I'm currently trying to fit some data using Scipy's optimize.minimize function in Python. I have both constraints and bounds that need to be considered during the optimization process. I have found that the method 'trust-constr' works well for me, but other methods seem to only return the initial guess.

Thus my question is: why? Why does trust-constr work but the other methods only return the initial guess?

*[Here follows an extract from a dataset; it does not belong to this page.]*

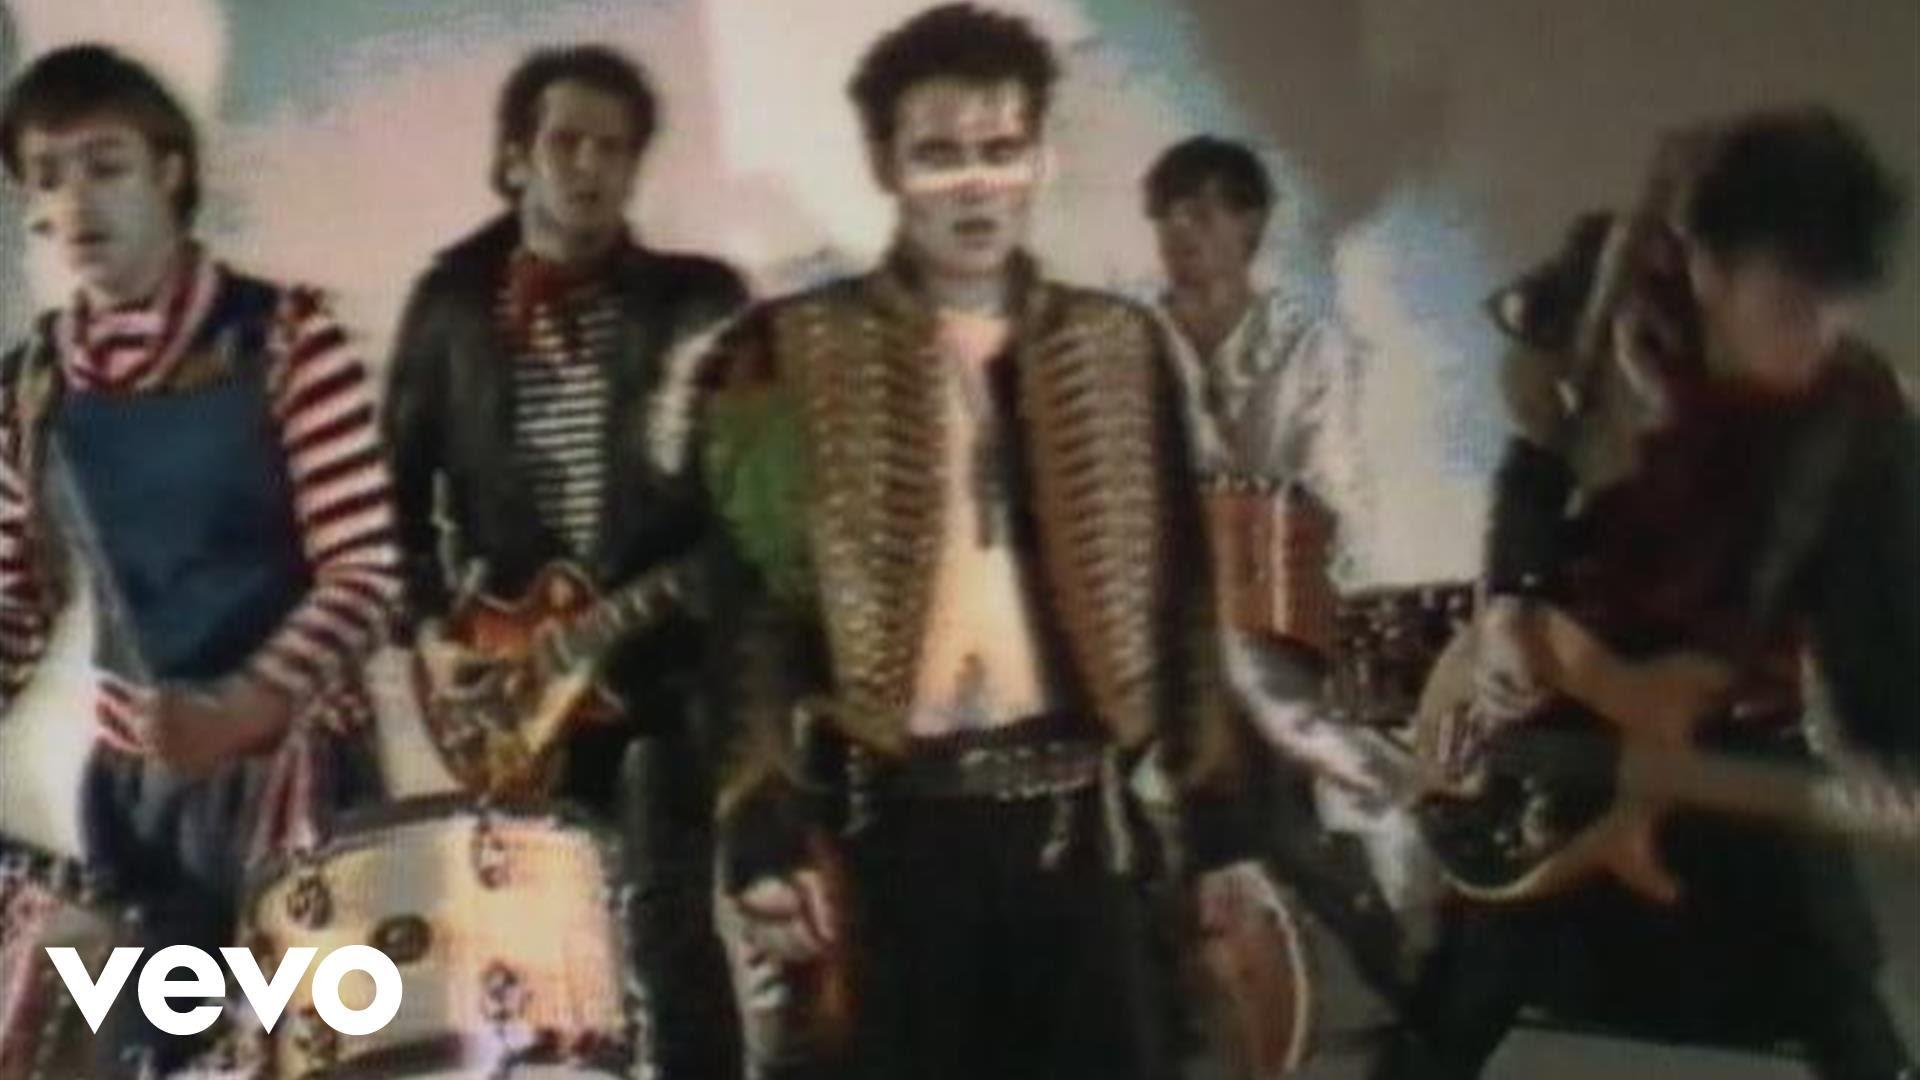 Adam & The Ants – Kings of the Wild Frontier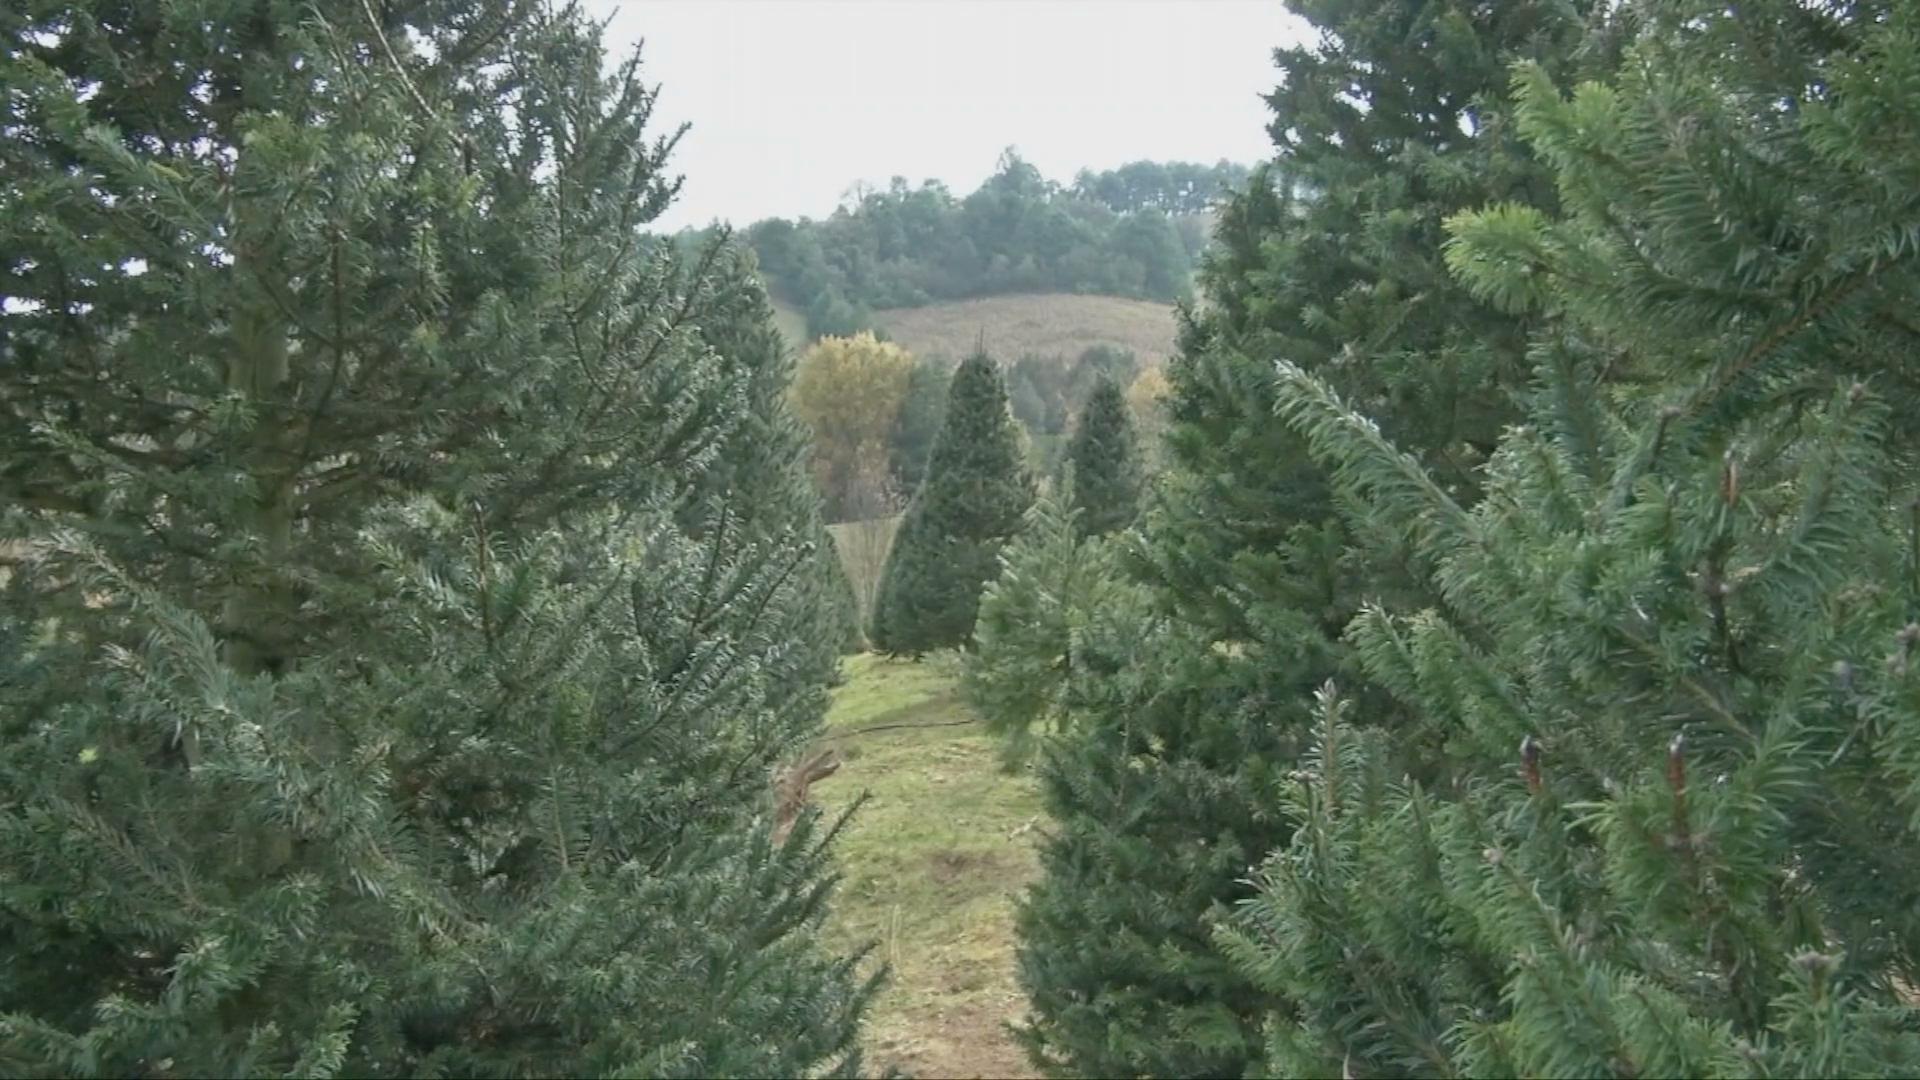 Inicia venta de pinos navideños en Xalapa

I made up a model problem to replicate this issue, let's say I'm trying to fit a polynomial

def f(x, a, b, c):
    return a * x + b * x**2 + c * x**3

subject to the constraint that a + b + c = 1. Additionally, I also want to enforce that all parameters a, b, and c are between 0 and 1.

Here is how I chose to phrase this problem in python:

import numpy as np
import matplotlib.pyplot as plt
from scipy.optimize import minimize

# model data: x and y values
x_data = np.array([0,1,2,3,4,5,6,7,8,9,10])
y_data = np.array([0,1,6,18.6,42.4,81,138,217,321.6,455.4,622])

# plt.plot(x_data, y_data)
# plt.show()

# Define the function
def f(x, a, b, c):
    return a * x + b * x**2 + c * x**3

# Define the cost function
def cost_function(params, x, y):
    a, b, c = params
    return np.sum((y - f(x, a, b, c))**2)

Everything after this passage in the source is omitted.